The Stacks project

\begin{equation*} \DeclareMathOperator\Coim{Coim} \DeclareMathOperator\Coker{Coker} \DeclareMathOperator\Ext{Ext} \DeclareMathOperator\Hom{Hom} \DeclareMathOperator\Im{Im} \DeclareMathOperator\Ker{Ker} \DeclareMathOperator\Mor{Mor} \DeclareMathOperator\Ob{Ob} \DeclareMathOperator\Sh{Sh} \DeclareMathOperator\SheafExt{\mathcal{E}\mathit{xt}} \DeclareMathOperator\SheafHom{\mathcal{H}\mathit{om}} \DeclareMathOperator\Spec{Spec} \newcommand\colim{\mathop{\mathrm{colim}}\nolimits} \newcommand\lim{\mathop{\mathrm{lim}}\nolimits} \newcommand\Qcoh{\mathit{Qcoh}} \newcommand\Sch{\mathit{Sch}} \newcommand\QCohstack{\mathcal{QC}\!\mathit{oh}} \newcommand\Cohstack{\mathcal{C}\!\mathit{oh}} \newcommand\Spacesstack{\mathcal{S}\!\mathit{paces}} \newcommand\Quotfunctor{\mathrm{Quot}} \newcommand\Hilbfunctor{\mathrm{Hilb}} \newcommand\Curvesstack{\mathcal{C}\!\mathit{urves}} \newcommand\Polarizedstack{\mathcal{P}\!\mathit{olarized}} \newcommand\Complexesstack{\mathcal{C}\!\mathit{omplexes}} \newcommand\Pic{\mathop{\mathrm{Pic}}\nolimits} \newcommand\Picardstack{\mathcal{P}\!\mathit{ic}} \newcommand\Picardfunctor{\mathrm{Pic}} \newcommand\Deformationcategory{\mathcal{D}\!\mathit{ef}} \end{equation*}

Lemma 10.125.4. Let $R$ be a ring. Let $S \subset R$ be a multiplicative subset. Let $M$ be an $R$-module.

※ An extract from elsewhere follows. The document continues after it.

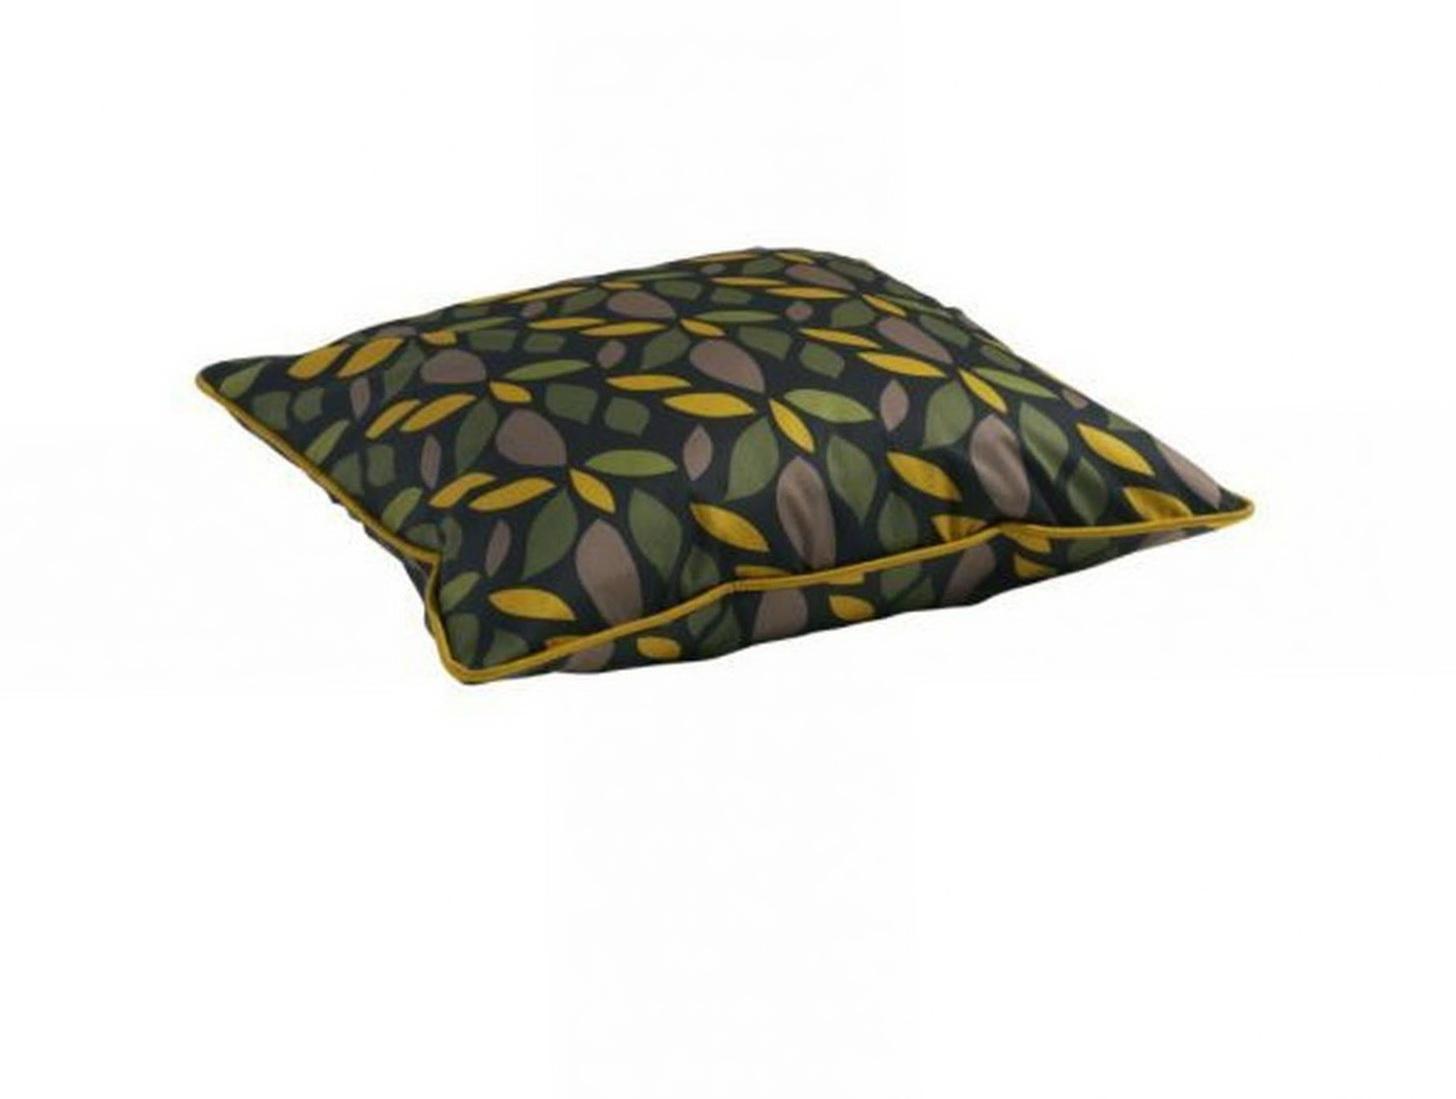 Ikea Cushion Covers 65 X 65

  1. If $S^{-1}M$ is a finite $S^{-1}R$-module then there exists a finite $R$-module $M'$ and a map $M' \to M$ which induces an isomorphism $S^{-1}M' \to S^{-1}M$.

  2. If $S^{-1}M$ is a finitely presented $S^{-1}R$-module then there exists an $R$-module $M'$ of finite presentation and a map $M' \to M$ which induces an isomorphism $S^{-1}M' \to S^{-1}M$.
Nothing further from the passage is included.